It all starts out innocently enough.
We’re reading ‘bout Madeline.
Who’s having a grand ole’ time.
That is... until we get to the apex,
and they up and remove her appendix!
“What’s an appendix Mama?”
“Oh, it’s a part of the body that’s not really necessary. Every once and a while it gets blocked and has to come out. I had mine out. Daddy’s had his out. It’s not a big deal, and it doesn’t happen to everyone”
“I don’t want my appendix out! I want it IN! I’m too SHORT to take out my appendix... Agh...Aghh!!
Tiz’ is starting to panic.
“Like I said, it doesn’t happen to everyone. It’s not really something to worry about.”
“No fix my ‘pen-nix!” Zip chants
“You see these wiggly toes mama?”
Tizzy’s calm once again and he’s looking down at his feet. “These wiggly toes make my appendix SORE!”
“Then I suggest you don’t wiggle them.”
I decide that it’s time to prevail.
So resume with the telling of tale.
Sadly, we hardly get very far,
when she up and announces her scar!
O.K... So, I’m no Ludwig Bemelmans. What I’m trying to say here is that it’s hard to make much headway in this book!
“A scarf Mama? Where’s her scarf?”
“A scar honey. It’s the mark that’s left on your body when they take out your appendix. See, I have...”
I lift up my shirt, but can’t find mine. It’s been replaced by stretch marks.
“Well, anyway, it would be right about here.”
“Mama, my scarf holds my belly button on!” Exclaims Tizzy, making his belly expand and contract.
Zip is thrusting his pelvis and growling, “ERR - EEE - ERR - EEE! No Touch My Scarf!”
If they only knew that it’s not the appendix or the scarf they need to worry about, it’s their mother.
Well, maybe not their mother. My mother.
I was nineteen when I felt the tale-tell signs of my appendix rupturing. I was a nanny at the time and was with the kids when the pain hit. Kind of like a minor birthing contraction, but with no relief. It seemed to be on my right side, but it was hard to tell.
“I think I need to go to the hospital,” I told the kids father, when he arrived home.
“Are you pregnant?” He asks.
Before I knew it, I was waking up to a room full of flowers, my friends, and my mother.
“You had us worried,” they said. “We just saw you yesterday, and you were fine!”
“There’s someone else who saw you yesterday,” my mother said slyly, “and he very well may come to see you in the hospital.”
“What?!”
My mother knew I had a huge crush on the bagger at the grocery store where I shopped for my employers. He was funny and cute, and somehow I always ended up in his line.
“That’s right,” she confessed.
“I thought you might need some cheering up. I went into the store, and I told him, ‘You know that pretty blonde that comes in here with the three small children? She’s my daughter, and she has a mad crush on you. She just had her appendix out and I thought it might be nice if you came up to visit her in the hospital. You would make her feel soooo much better.”
I thought I would die.
“What?” she asked, registering the shock on our faces. “I was just trying to be helpful.”
My recovery was especially painful knowing that I was going to have to go back to work soon and face the checker.

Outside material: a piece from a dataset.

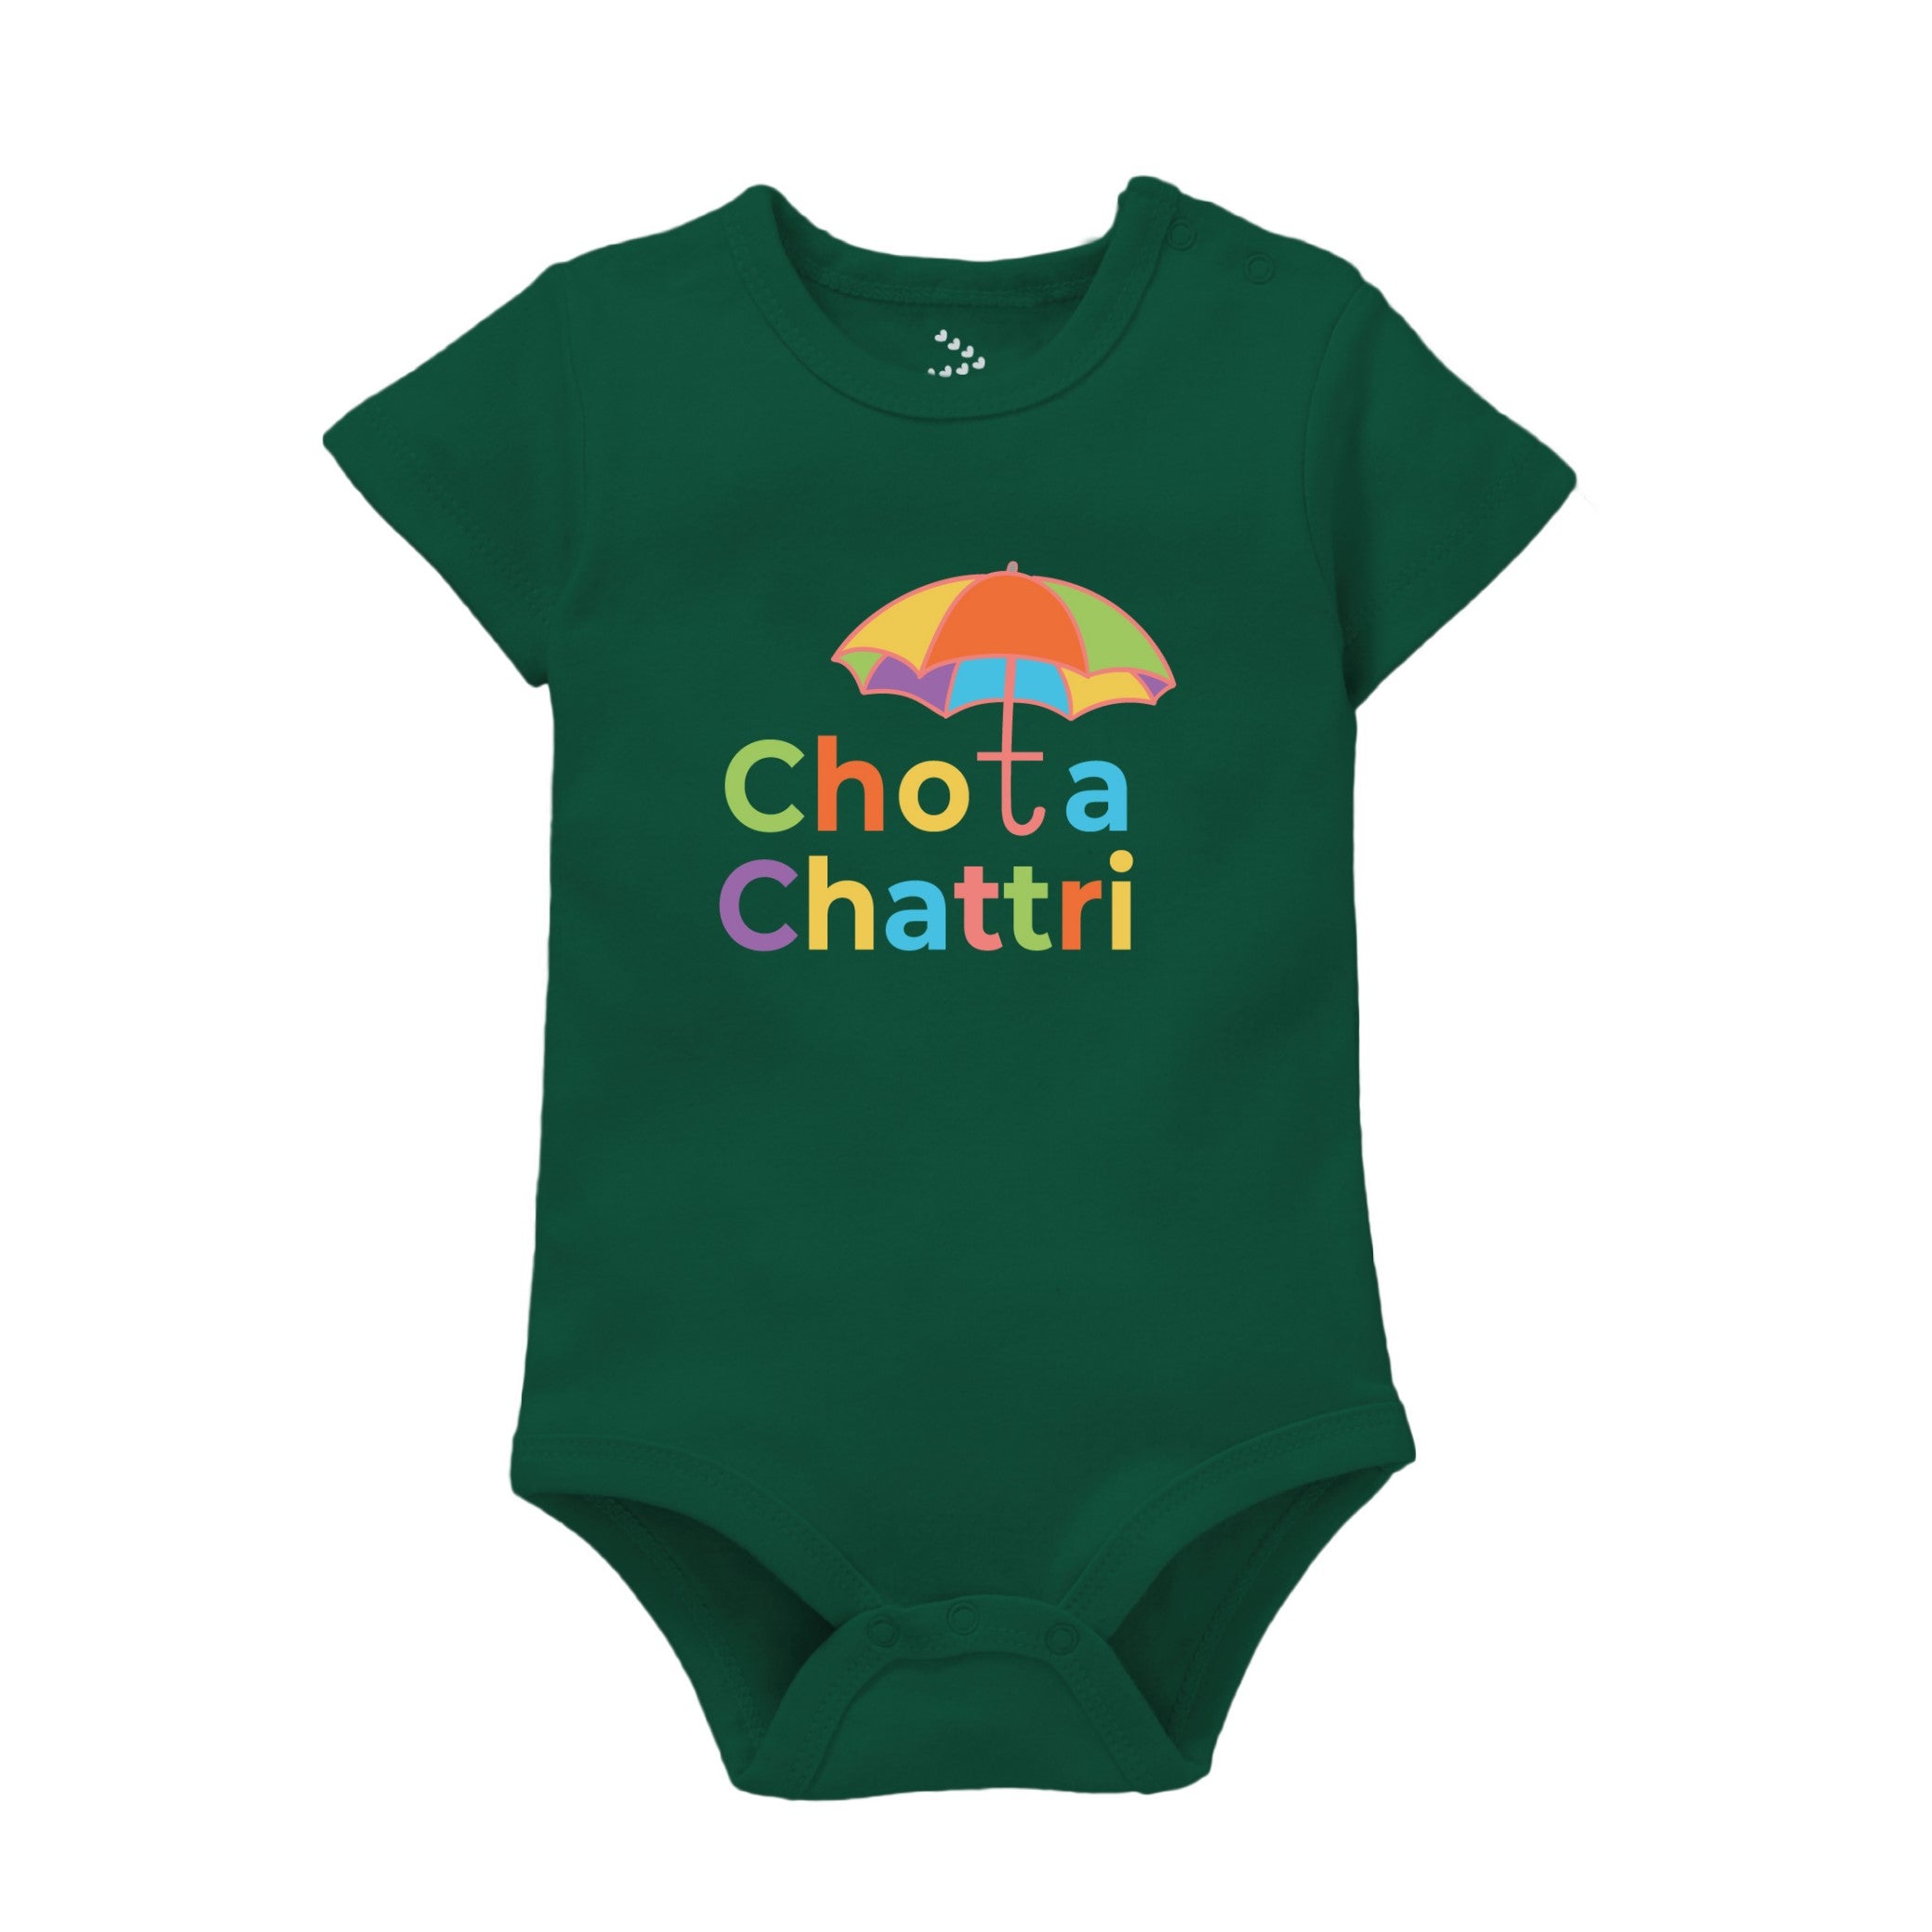 Chota Chattri - Forest Green

“Me? Appendix? No. I’ve just gotten back from a long vacation. What? Some woman claiming to be my mother? Don’t know her. Sounds like a crazy person!”
7 comments:
Wow your mom sounds as wacky wild as mine! Good luck with that.

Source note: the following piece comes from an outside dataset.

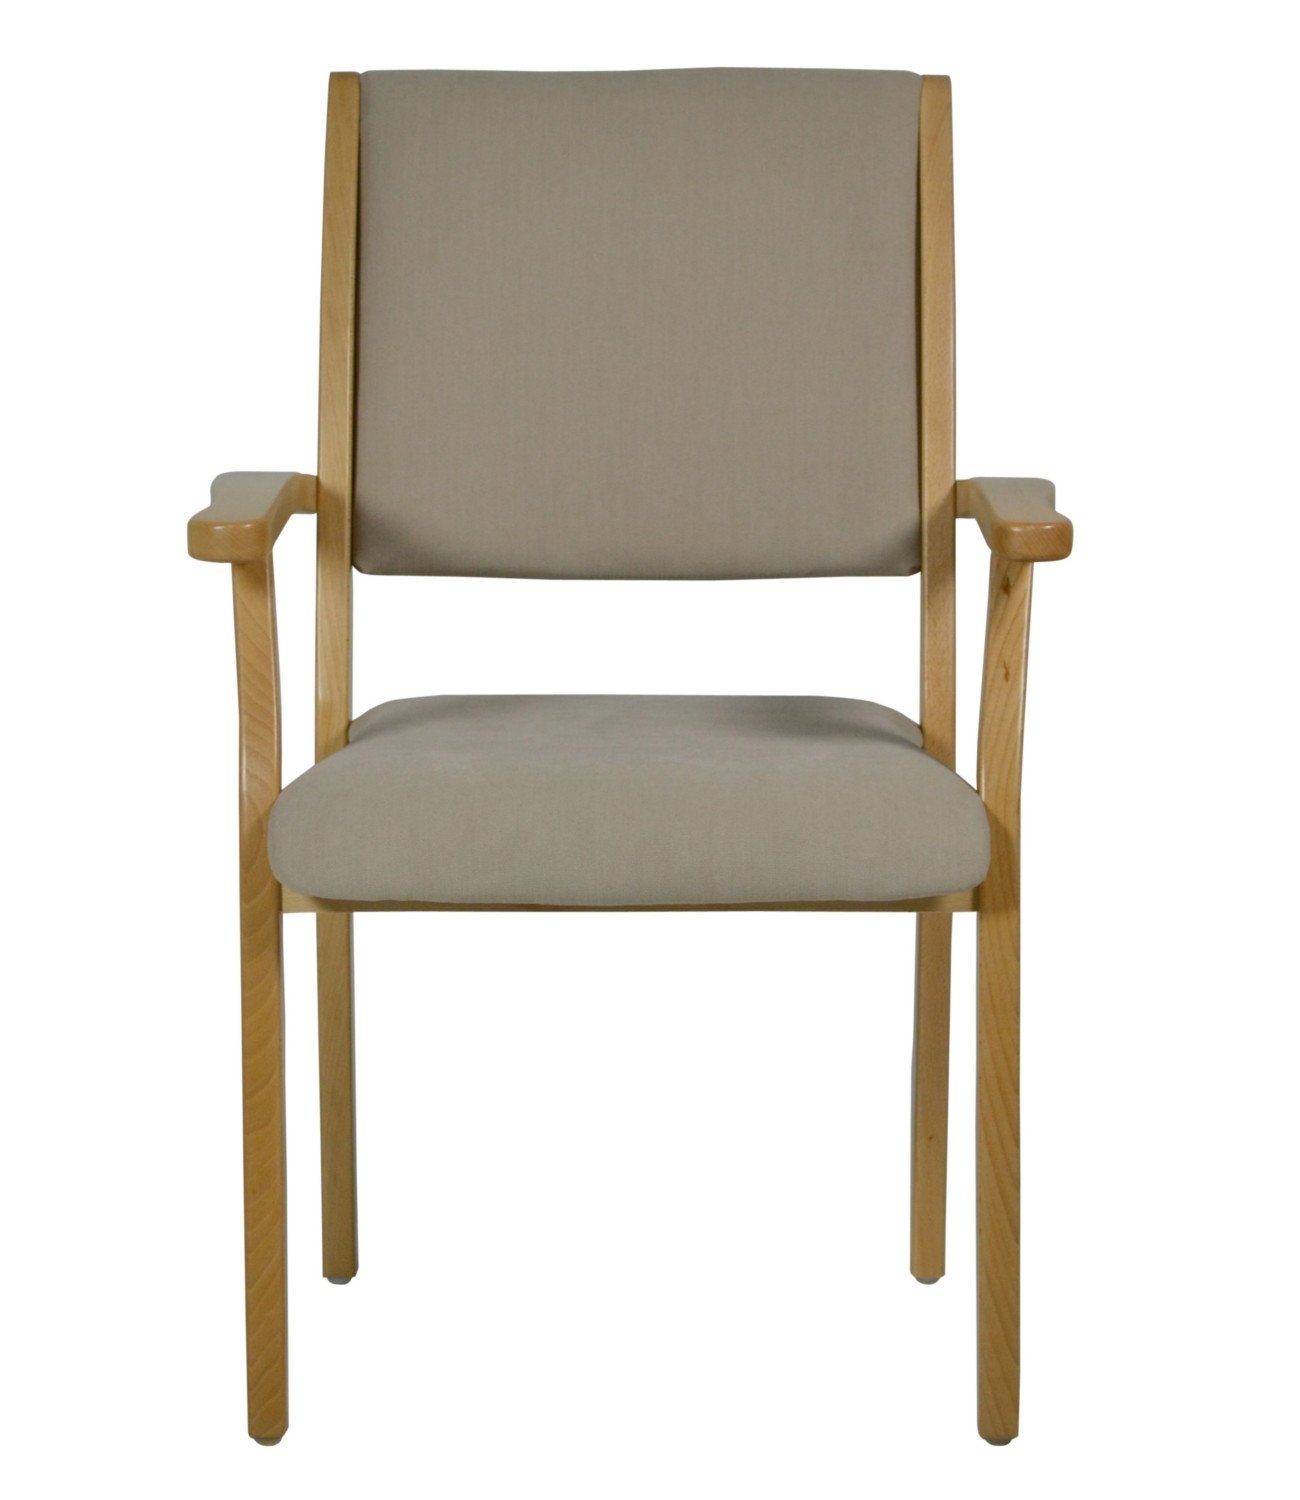 Sitzhöhen Pflegestuhl Verschiedene standfest, Kerry - wählbar, Sand DB14 Seniorenstuhl (Einzel), Bezüge Microfaser wählbar verschieden Sitzhöhe Stuhl Devita stapelbar, versch.

Cant wait till my Grant starts talking like your kiddos...such a thrill ride everyday:)
Will be back
I'm there with you! Had mine out at 18, ouch! Gotta luv your mom though!
That was a great story. It made me laugh, even though I have no children of my own.
So, is this baggy the person you married?
Thanks for stopping by my blog and making a comment.
Oh my. Yes, that's sort of well-meaning embarassment that we could all do without.
Did Don really ask you if you were pregnant?!
Yep, that one made me laugh. Meanwhile the children shriek. Somehow that word (shreak? shreek? Shreik?) just doesn't look right. I swan (as they say in the south as to not actually profess to cuss), these children must have given me some sort of brain damage. I can't spell simple words anymore. Yesterday I thought about rot for a long time. Rot, as in rotten fruit. I tried it with a w. Nope.
Anyway, that's enough about me.....now back to our feature: I would have died of embarrassment too. Did you return to the store? I think I would have then hoped that he (the cute, but now way too informed, bagger) got fired so I'd never had to see him again or just never returned to the store...so strong is my pride.
Your cousin....
To mouseclone and cous' - As luck would have it, when I finally got up the nerve to go back... he had left for college. Few!!!
Countessa- Yes, of course he did!
Of course he did. Why do I even ask? What a jerk. Or was that his way of showing concern? Nah, even if it was... what a jerk.